### Task objective:
Your output should be everything below from the line containing "Image thumbnail for" down to the line containing "many rain drops", both ends included, copied exactly, with pictures left out.

--- Information given Enclosed Below ---

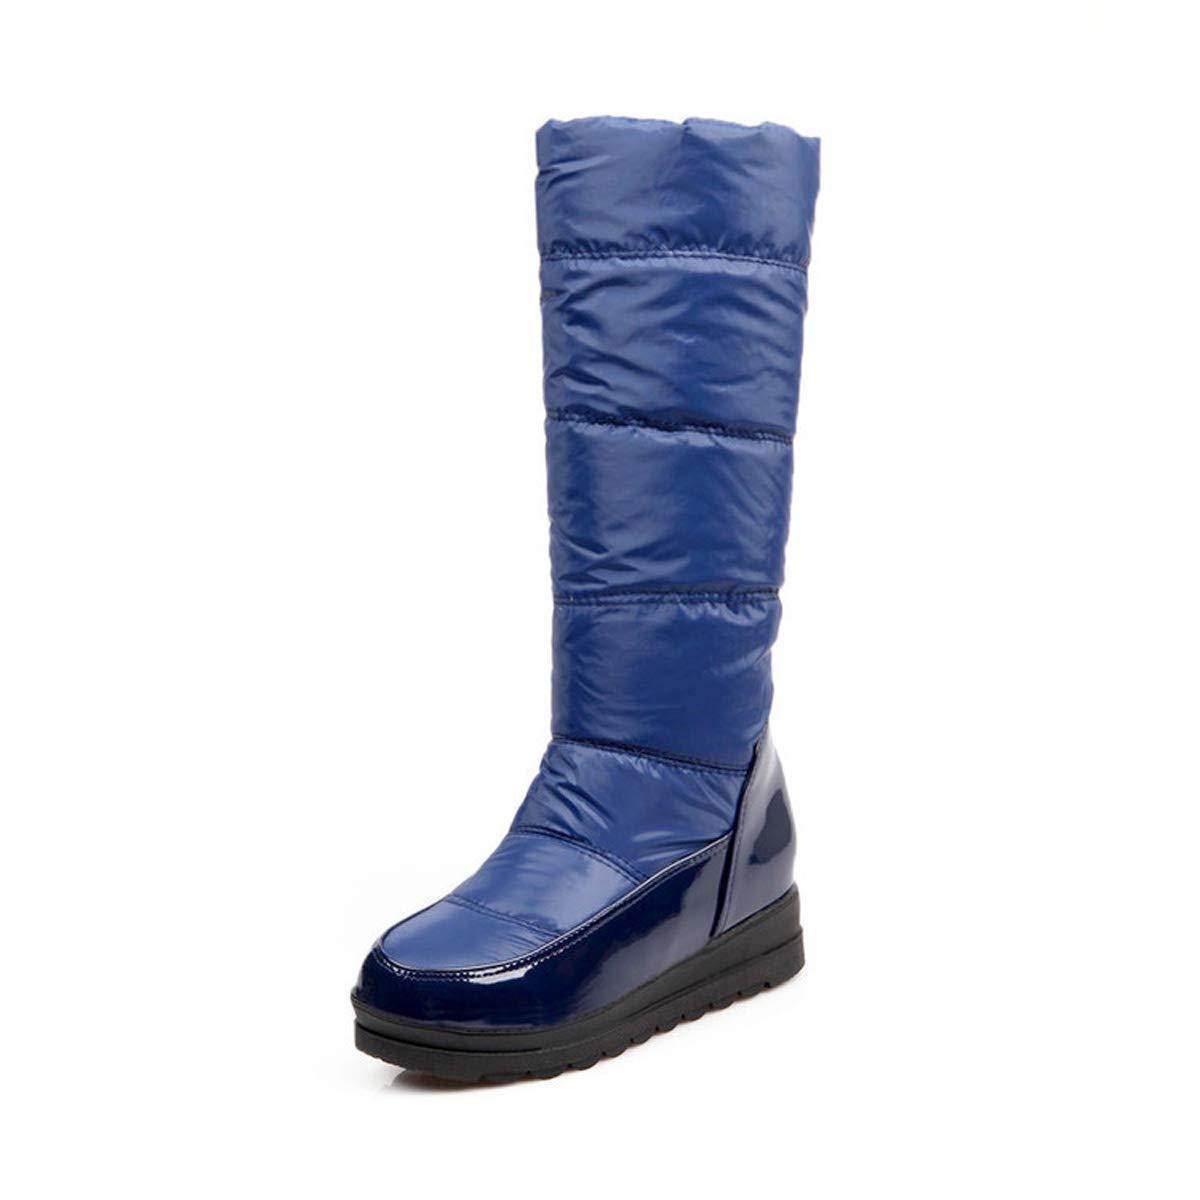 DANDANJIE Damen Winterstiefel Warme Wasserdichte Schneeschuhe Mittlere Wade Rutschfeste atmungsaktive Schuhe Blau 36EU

--- End of Enclosed Information given ---
--- Information given Enclosed Below ---

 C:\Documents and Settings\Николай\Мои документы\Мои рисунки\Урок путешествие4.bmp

--- End of Enclosed Information given ---
--- Information given Enclosed Below ---

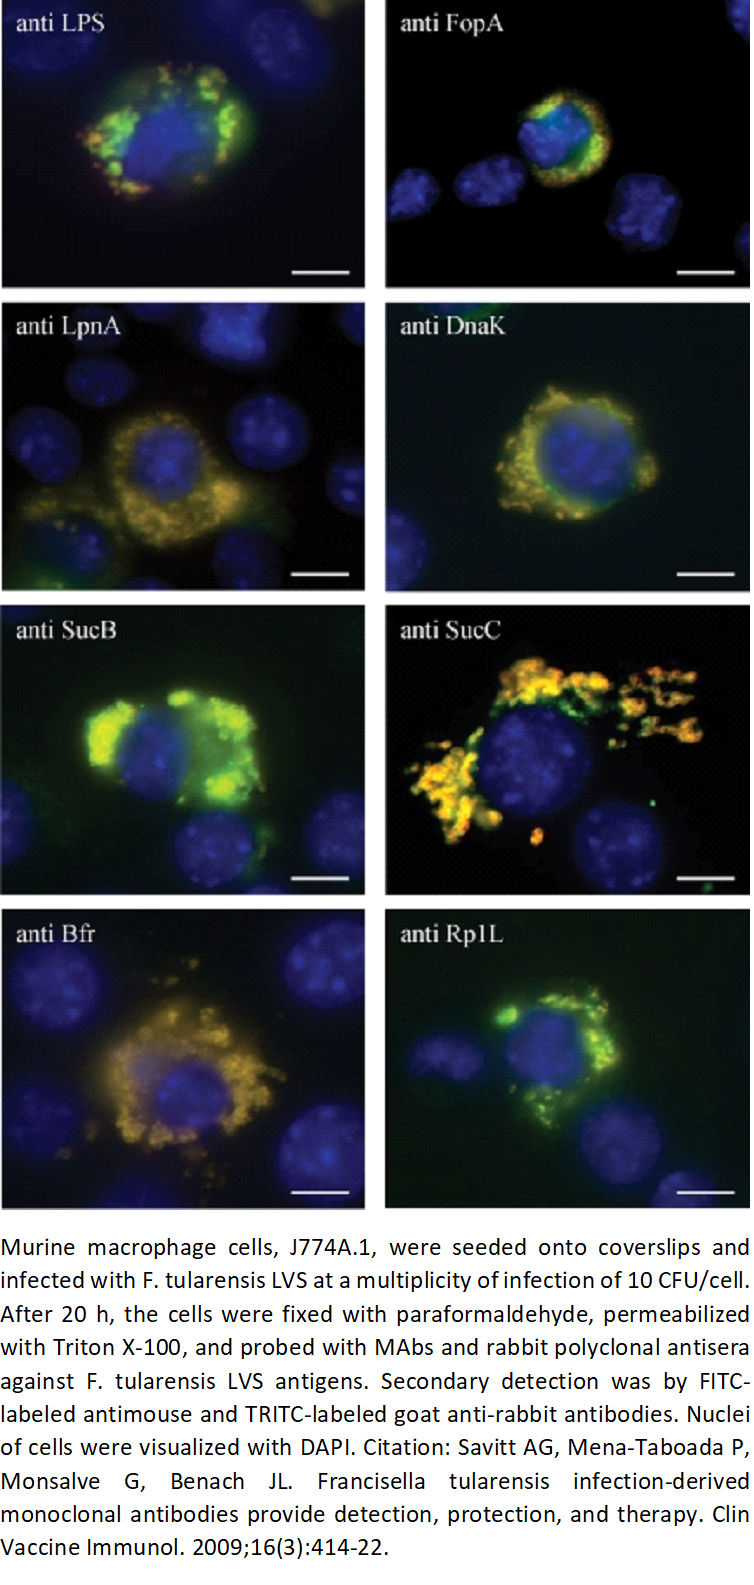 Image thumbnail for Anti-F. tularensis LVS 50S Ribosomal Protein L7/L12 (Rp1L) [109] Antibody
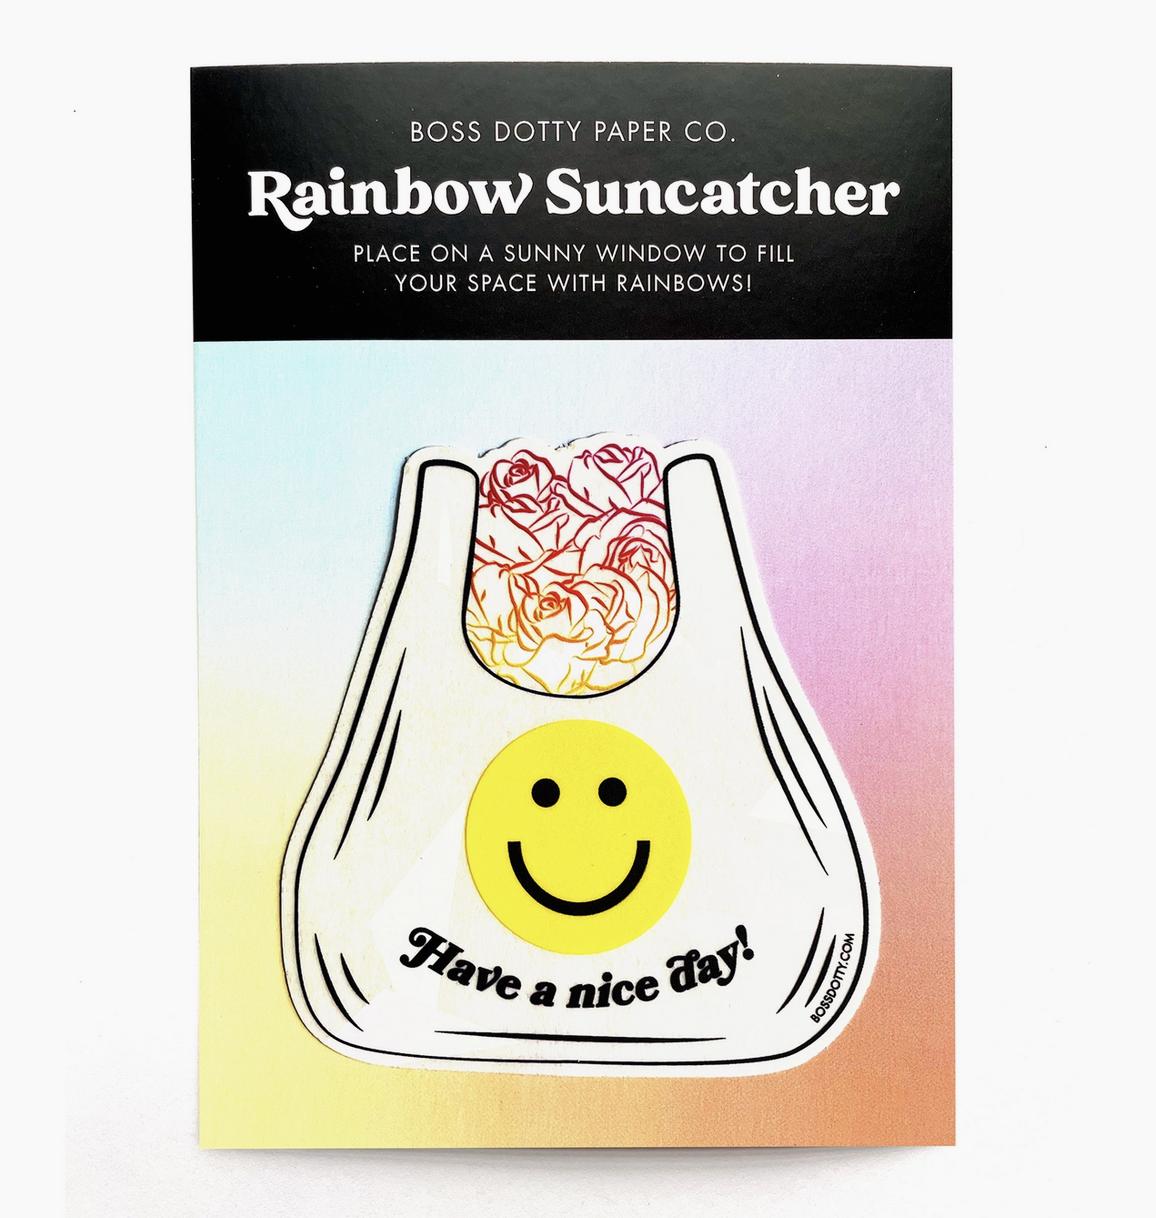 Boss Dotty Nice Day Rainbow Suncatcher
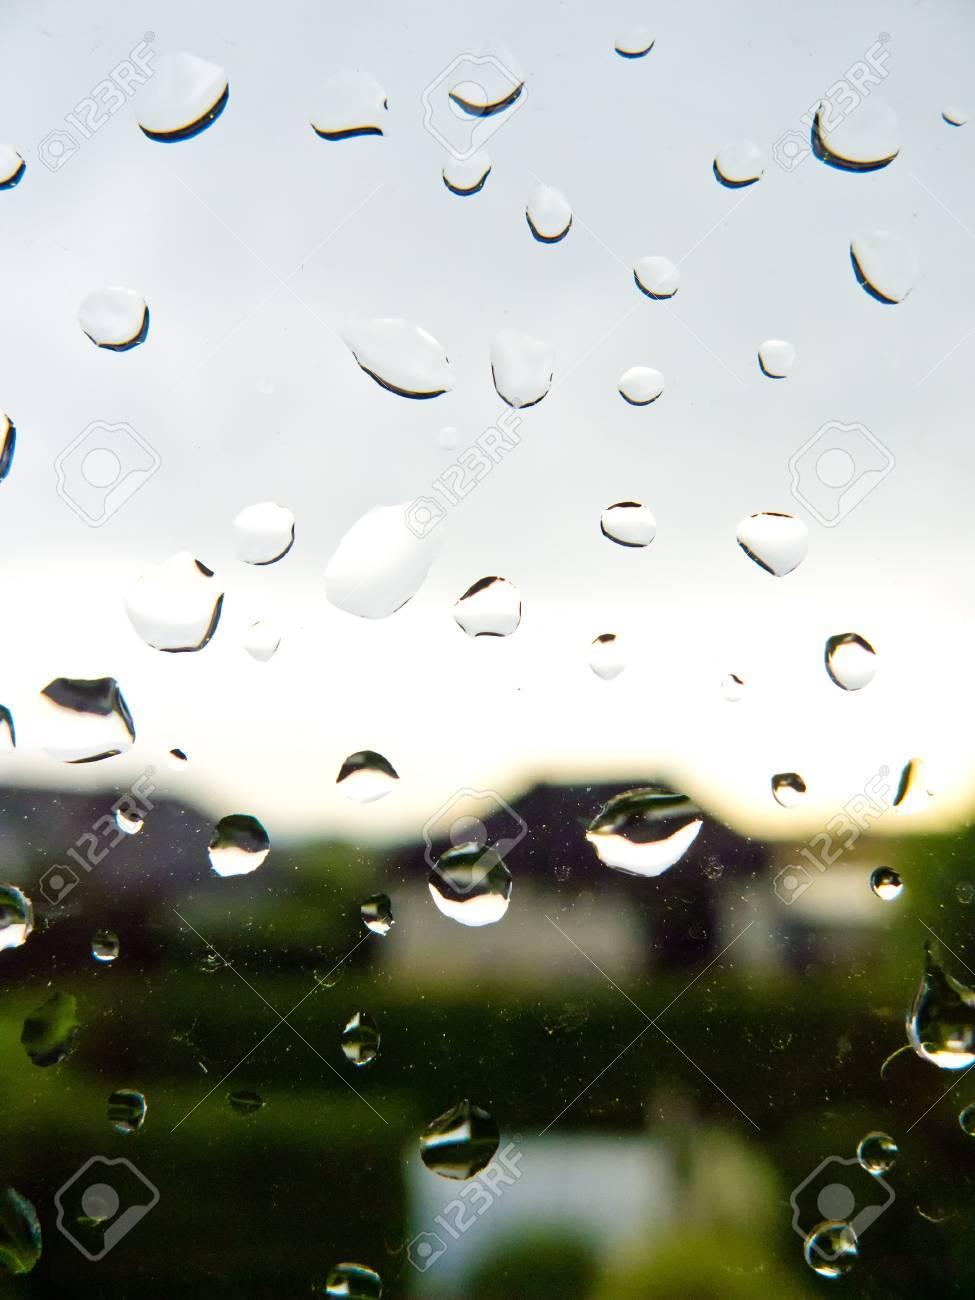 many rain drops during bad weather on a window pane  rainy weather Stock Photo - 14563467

--- End of Enclosed Information given ---

### Exercise response:
 Image thumbnail for Anti-F. tularensis LVS 50S Ribosomal Protein L7/L12 (Rp1L) [109] Antibody
 Boss Dotty Nice Day Rainbow Suncatcher
 many rain drops during bad weather on a window pane  rainy weather Stock Photo - 14563467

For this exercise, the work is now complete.